Output, exactly and with no pictures, the line that contains "Farklı sitelerin farklı" and every line that comes after it in the data below, the last one included.

*** Stored data ***

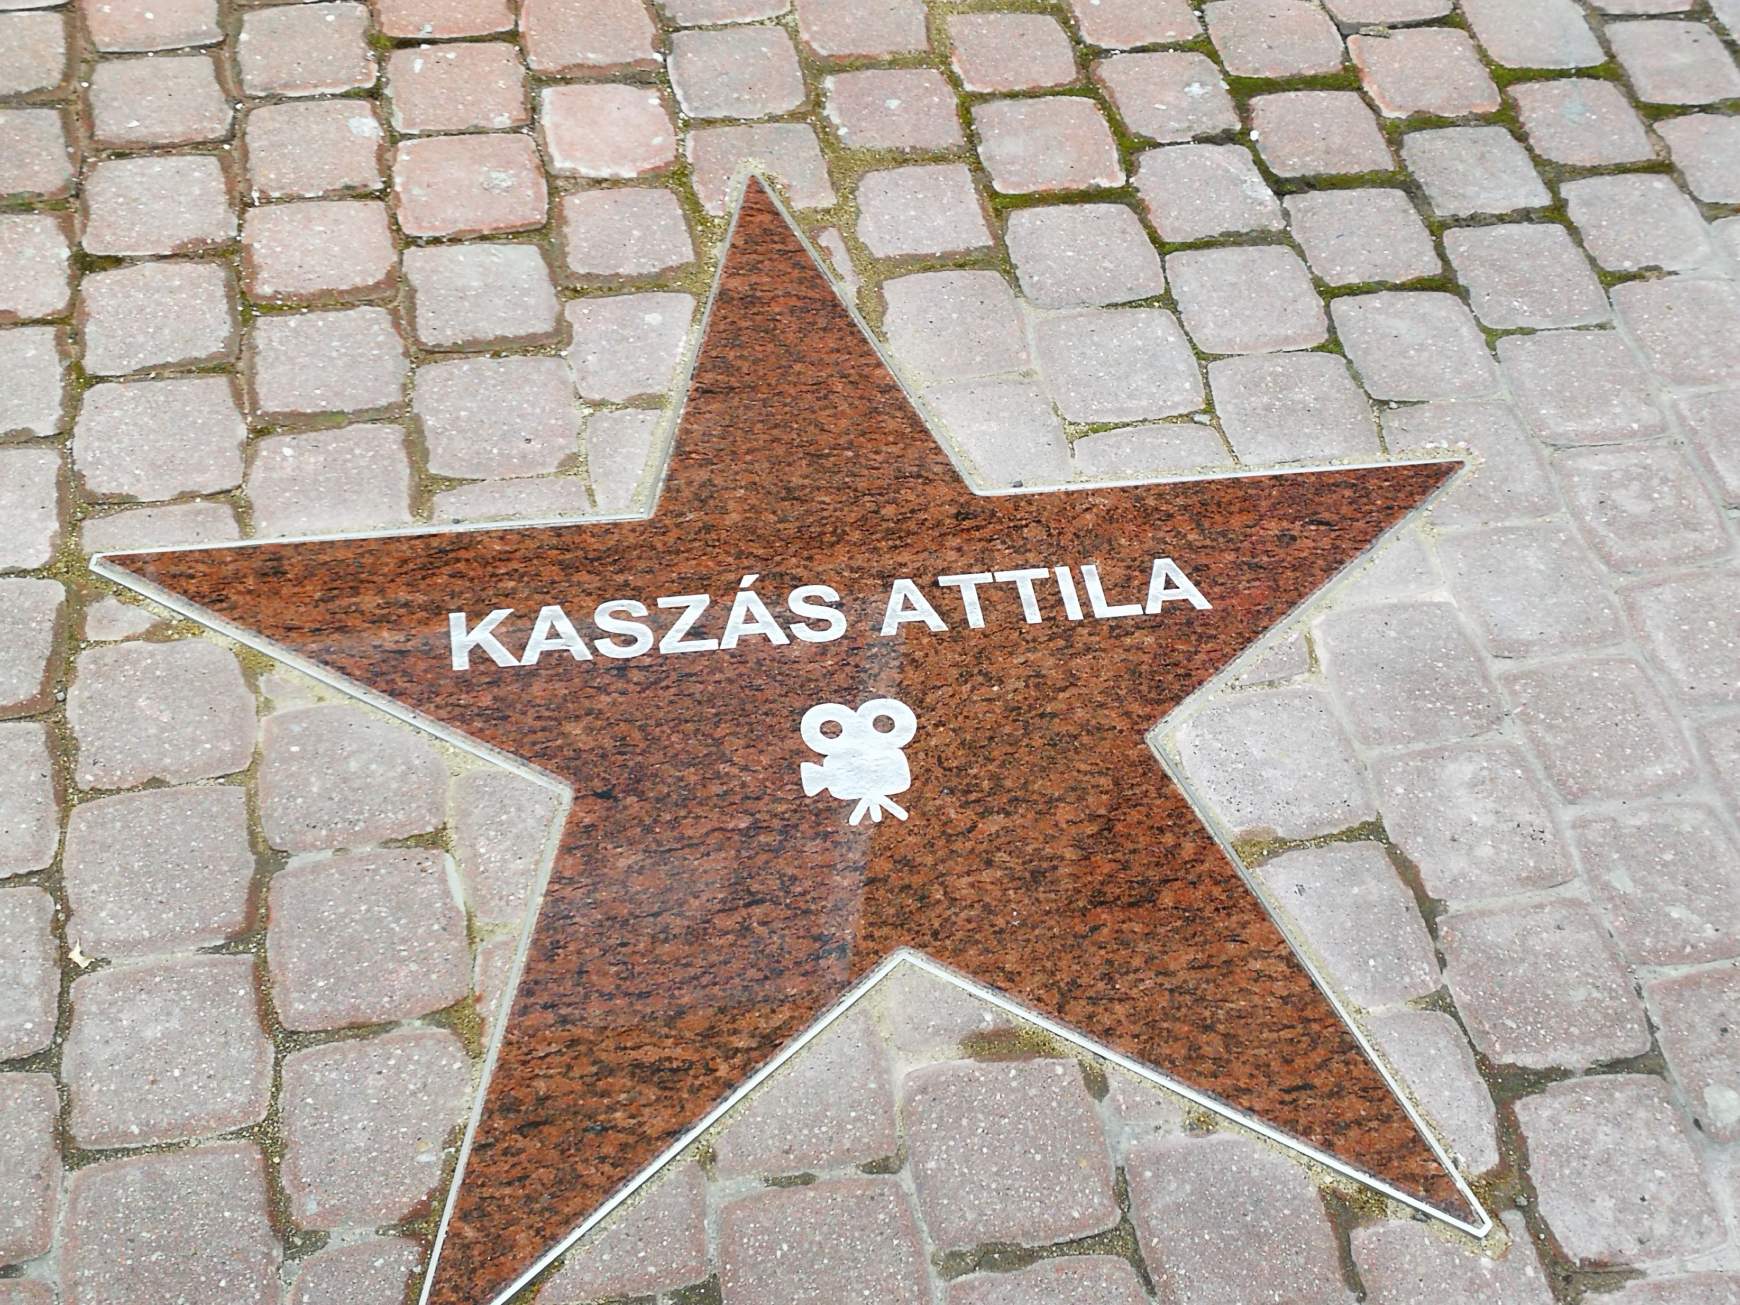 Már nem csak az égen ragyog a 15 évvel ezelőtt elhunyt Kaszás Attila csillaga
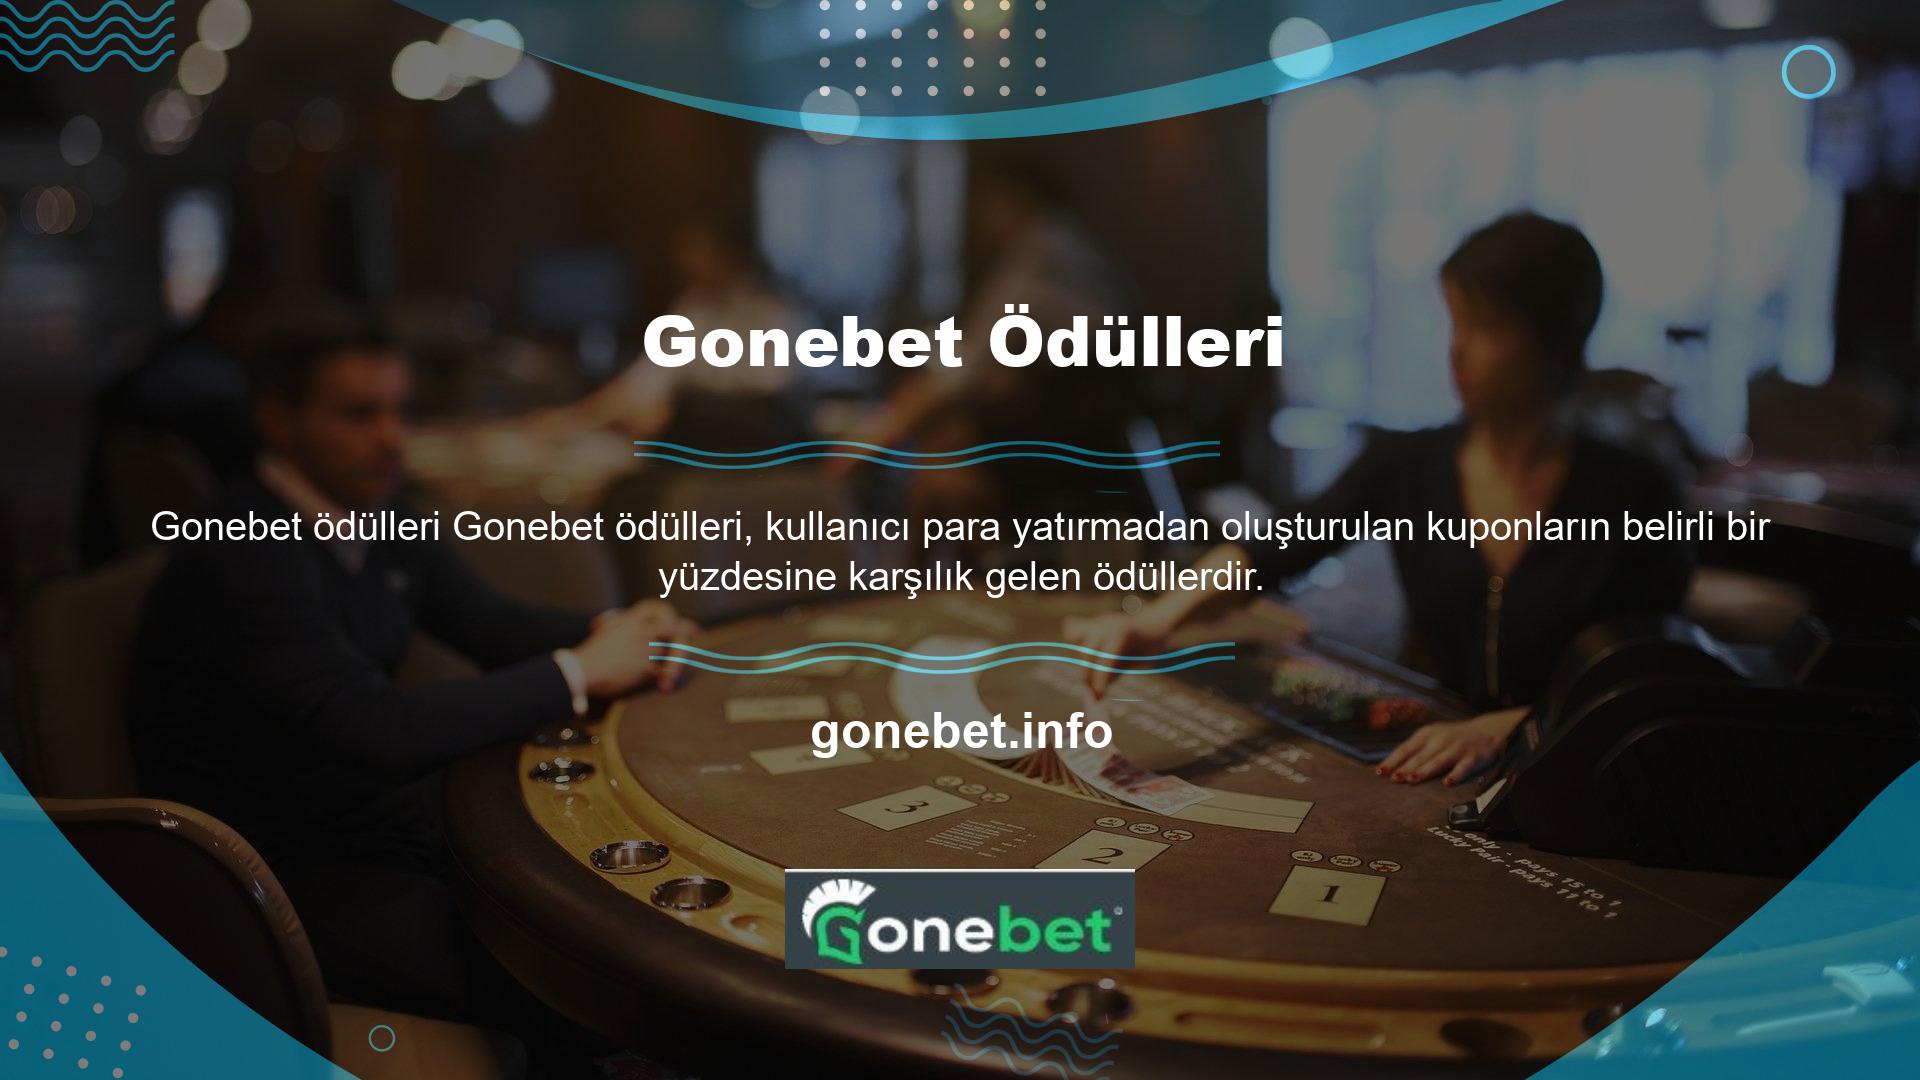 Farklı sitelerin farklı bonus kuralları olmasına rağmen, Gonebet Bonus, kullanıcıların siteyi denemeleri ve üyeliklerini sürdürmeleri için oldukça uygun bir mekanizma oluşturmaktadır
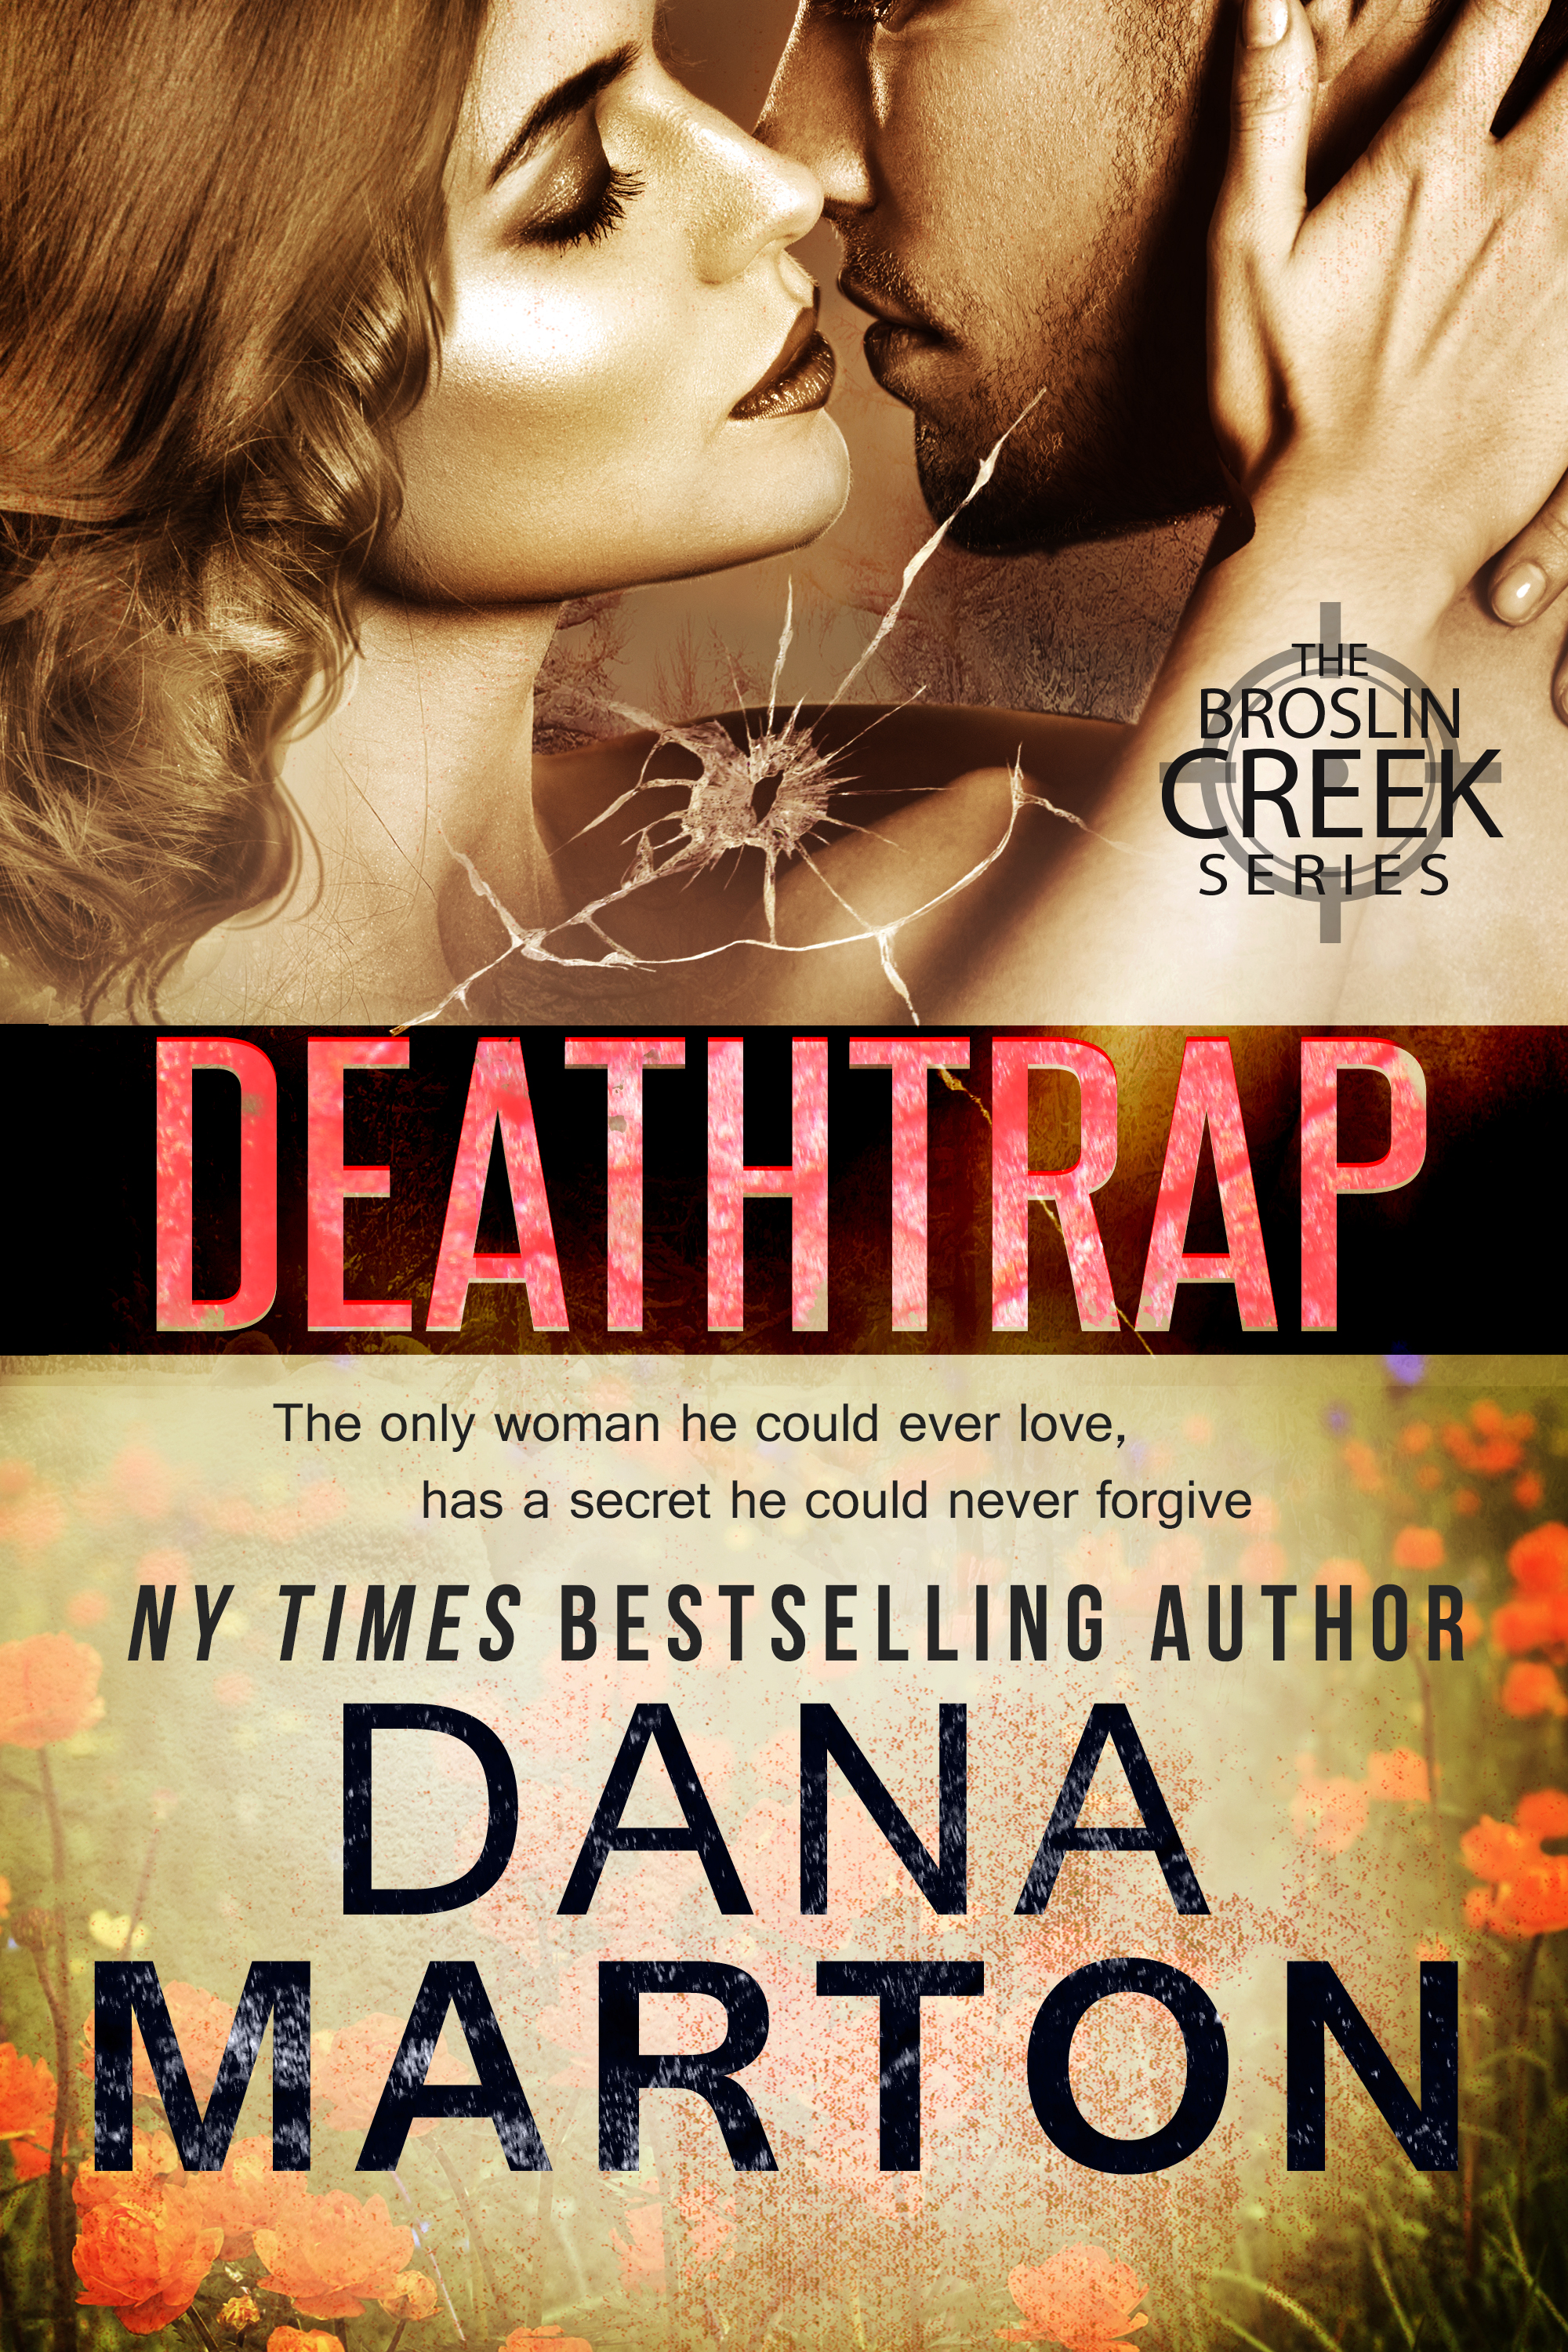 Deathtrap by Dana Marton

***

Your solution –
 Farklı sitelerin farklı bonus kuralları olmasına rağmen, Gonebet Bonus, kullanıcıların siteyi denemeleri ve üyeliklerini sürdürmeleri için oldukça uygun bir mekanizma oluşturmaktadır
 Deathtrap by Dana Marton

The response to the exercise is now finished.